When choosing a system, make user-friendliness a priority. It needs to be simple for every member of your team to do their job without getting confused or causing mistakes.
4. Have clear policies and documentation within your firm
Even the best law firm software can descend into chaos if you don’t have efficient processes in place to keep things organized. Without policies and documentation, your team will likely invent their own systems, which can result in a lot of disorganization.
Choose processes and a tool that works for your team, and then make it a priority to document how everyone should use them. Keep processes simple, and with as few steps as possible.
5. Use automation where possible
Make your tools work for you. With comprehensive software to manage your firm, it’s simple to set up automated processes to collect data, organize contacts into lists, and send email workflows. This enables you to standardize your client intake process without losing personalization.
Another time-saving task you can leave to your tools is document signing. Your system can quickly generate the right documents, and your clients can sign them electronically on any device.
Find out how to create more billable hours with law firm automation.
6. Collect the right data across your client’s journey
As a client hires you, completes your intake process, and passes matters your way, you’ll collect more and more information about them. Map out the typical data you need for each stage of your client’s journey. Next, create processes to collect this data in the simplest way possible for you and your client.
For your client intake process, you might create well-defined stages such as “Not Yet Contacted”, “Needs Follow-Up”, or “Intake Form Pending.” Once implemented in your legal CRM or client intake software, these stages can help you develop a clear picture of which clients you need to take action on—and what needs to happen next.

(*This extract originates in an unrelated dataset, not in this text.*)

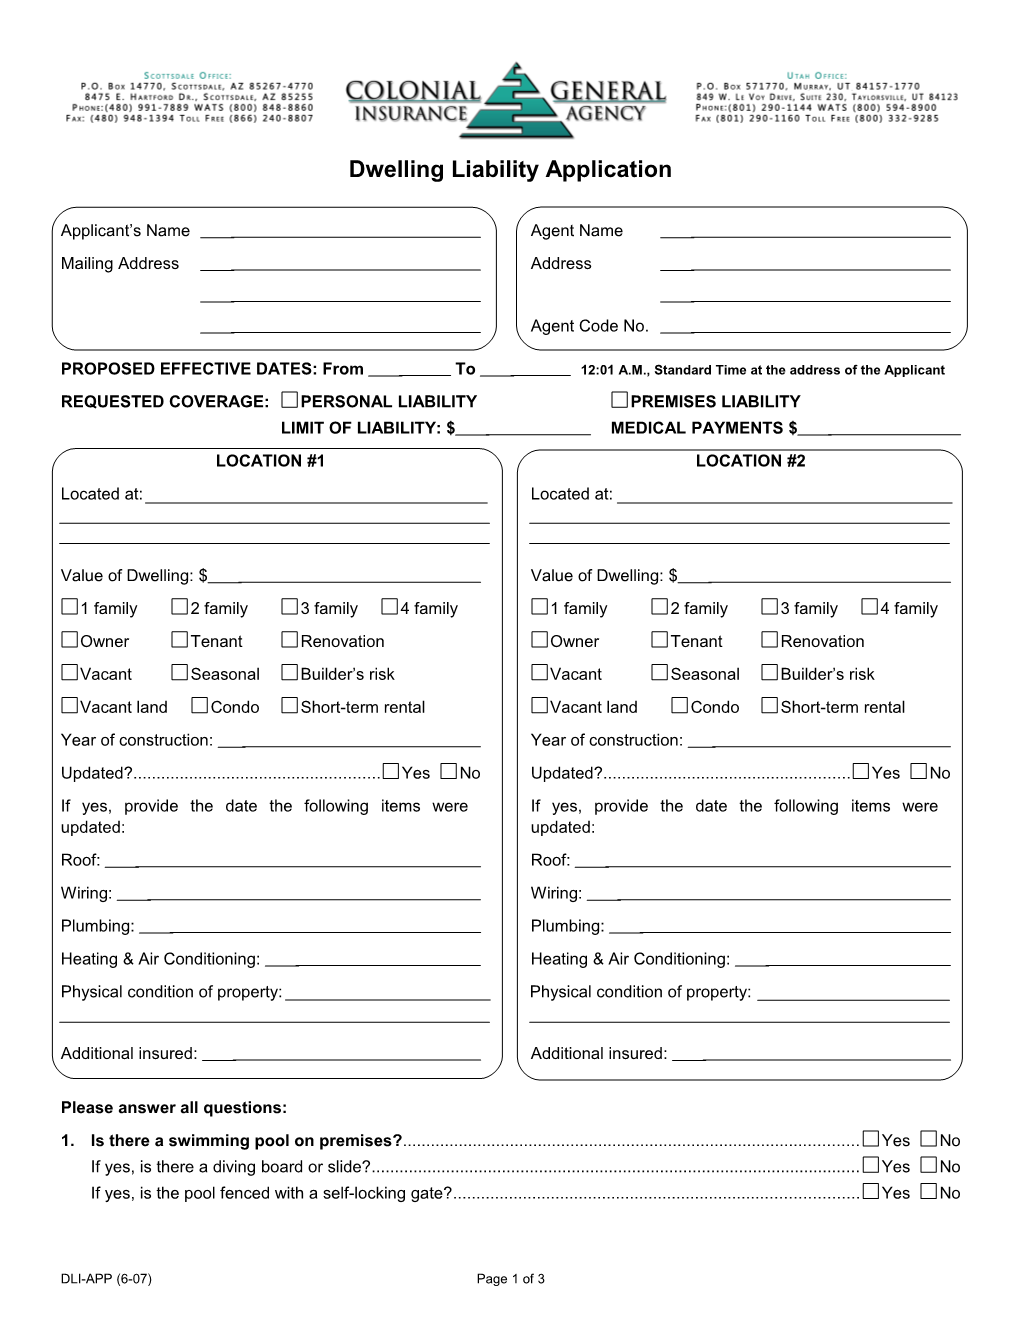 Dwelling Liability Application

Learn how to optimize every aspect of your client intake process.
7. Use technology to keep your contacts organized across all tools
If you’re using too many overlapping tools, your law firm quickly becomes inefficient. However, using a few well-chosen tools can make you more productive and effective—if they’re well-integrated. Get clear on the main tools your firm uses: This might be a case management system like Clio, an accounting system like Xero, and legal apps like Ruby Receptionists.
It’s never been easier to connect your key business tools and even create two-way contact syncs between systems with tools like PieSync. Some key signs that you will benefit from integrations include: Uploading and updating data across systems, noticing contradicting information, and finding data gaps.
8. Schedule regular data clean-ups
Once you’ve standardized your contact collection and organization process, make sure you’re storing clean data. Aim to organize your data every quarter, starting with checking for duplicate emails and wrong contact details. Regular data clean-ups can also help you adhere to data protection regulations, such as GDPR if you have contacts in Europe.
Access 12 data-driven ways to improve your legal practice.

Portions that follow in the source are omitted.